Not that I don’t miss teaching more; I totally do. But at least I know that, for the moment, whenever I walk into the hot room to lead a class, I am going in with complete presence of mind and excitement to see how my students have progressed, as opposed to slumping in thinking, “Oh not this shit again.” 
And believe me, if you’re a Bikram teacher, you have definitely thought that more often than not. If you haven’t, you’re lying to yourself. 
I must admit that this job has sent me down a bit of a rabbit hole, though, where I cannot figure out for the actual life of me what I actually want to do. Like, with my life. Do I want to have my own studio? Do I want to try to be a writer? Do I want to drop everything and go to law school so I can do my best to be an advocate and catalyst for change in this seriously messed up world? (Yes, this is something I am seriously considering.)
I’m at a serious crossroads here. And no, sadly I’m not referring to the Britney Spears film which was a masterpiece of our times. I mean I feel very confused and really quite lost. 

  
But hey, I got no time for feeling down about that right now because I have 23 days left of not being allowed pizza, which is definitely taking priority as a bigger problem in my head at this moment. 

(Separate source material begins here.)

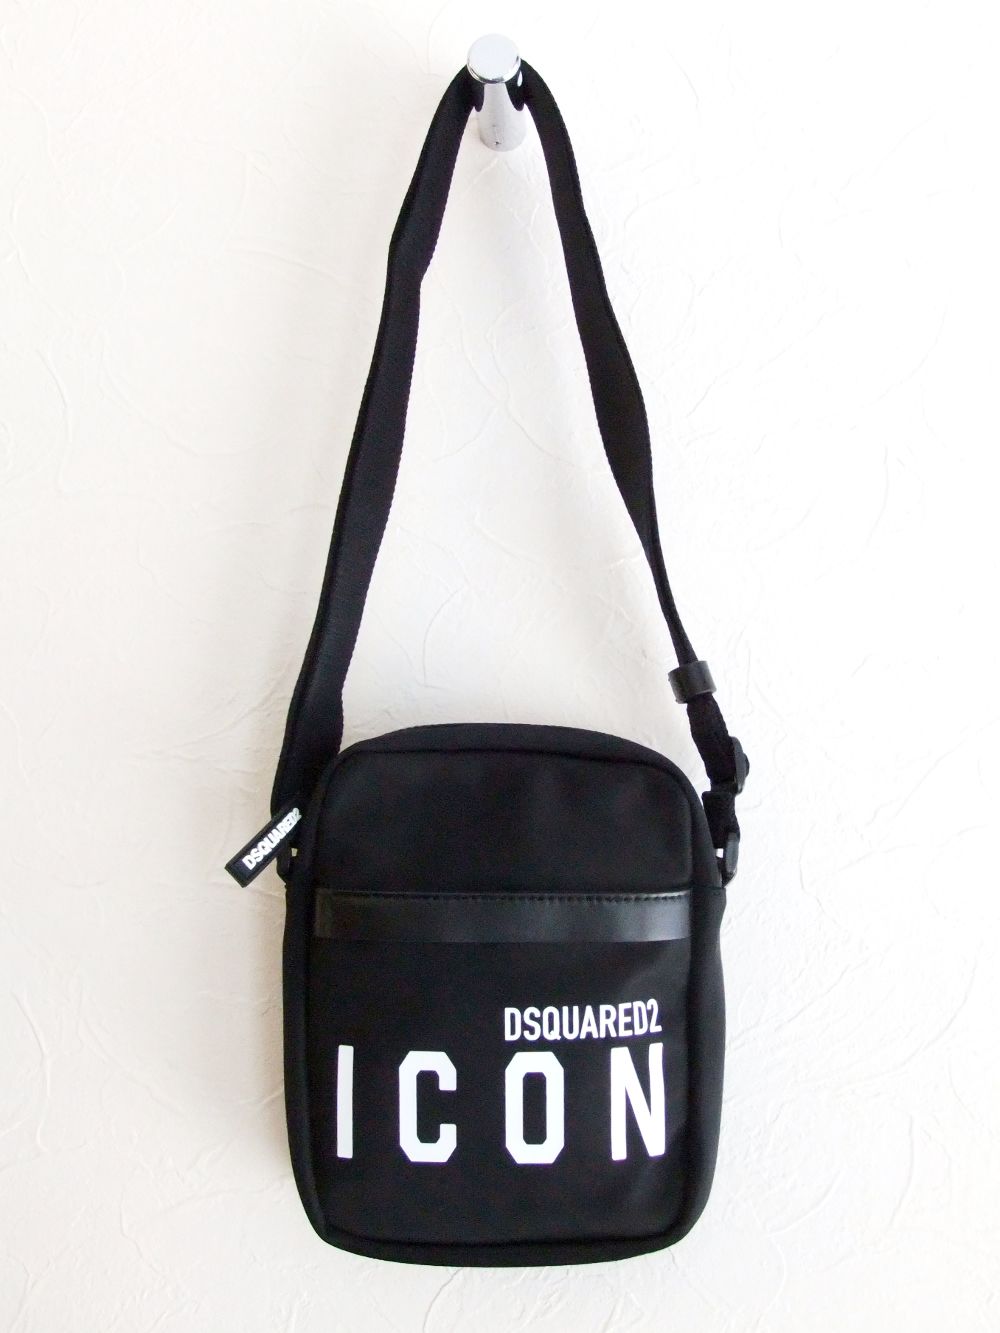 【購入価格】Dsquared2 ICON ショルダーバッグ バッグ

God I just want some damn cheese.
IN OTHER NEWS

  • Just before I started my new job, I ended up getting corralled onto a Mindfulness retreat in Essaouira, Morocco with Jackie of Sky Garden Retreat. Essaouira is now my fave place and Jackie and I are soulmates. I also made friends with a lovely man there who makes shoes (because of course I did). You need this retreat. Learn more here.

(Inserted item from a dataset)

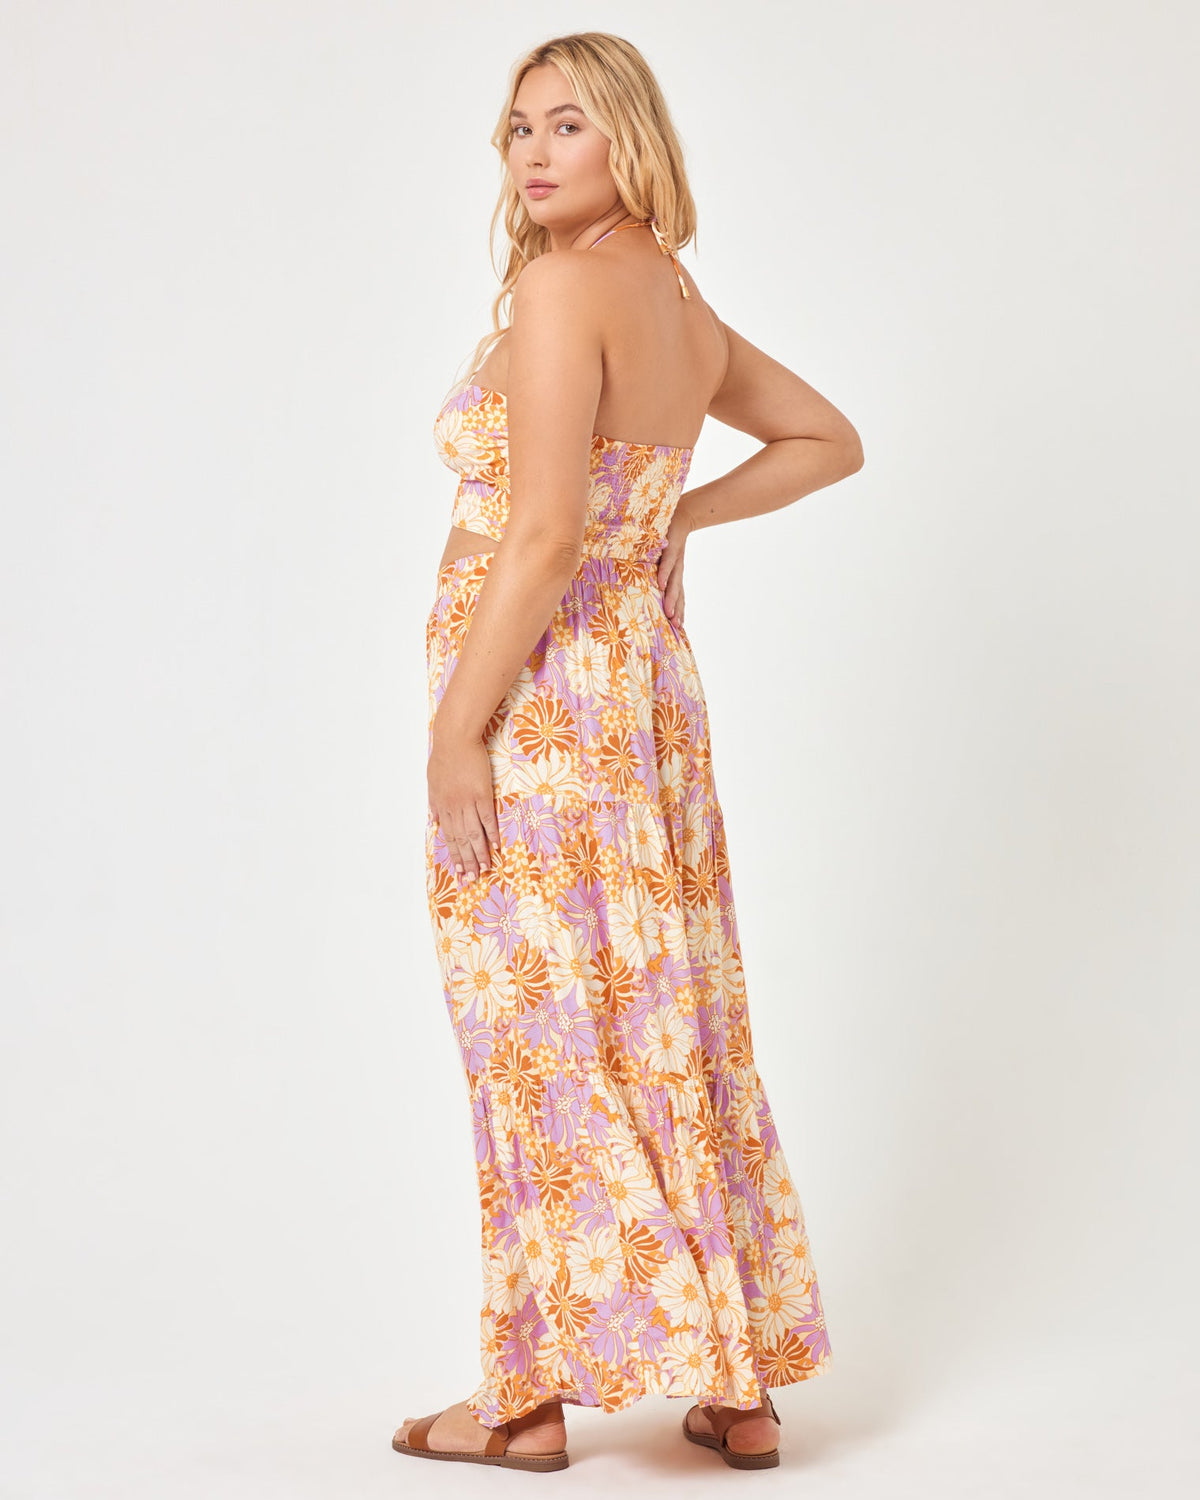 Bondi Skirt Wavy Daisy | Model: Sydney (size: XL)

  • Thanks to the aforementioned Bobbi, I’m now part of a book club in Brizzle where we read cool books and then talk about them whilst eating lots of food. Our most recent book was My Name is Leon by Kit De Waal. Not my favourite, but still a striking read.
  • I am the MOST pumped to be taking part in Inferno Hot Pilates’ first ever UK teacher training in Warwick next month! I’ll be teaching IHP around Bath and Bristol post-training, so I’m very excited to share the class with you and to share my teaching experiences here.
  • I am still traumatised over Valentina getting kicked off RuPaul’s Drag Race 2 weeks ago, but this interview with Bob the Drag Queen made me feel slightly better about it. I am also SO glad Alexis and Nina have gone the fuck home. It was about damn time. Still can’t decide whether I’m on Team Sasha or Team Shea, though. Bear with.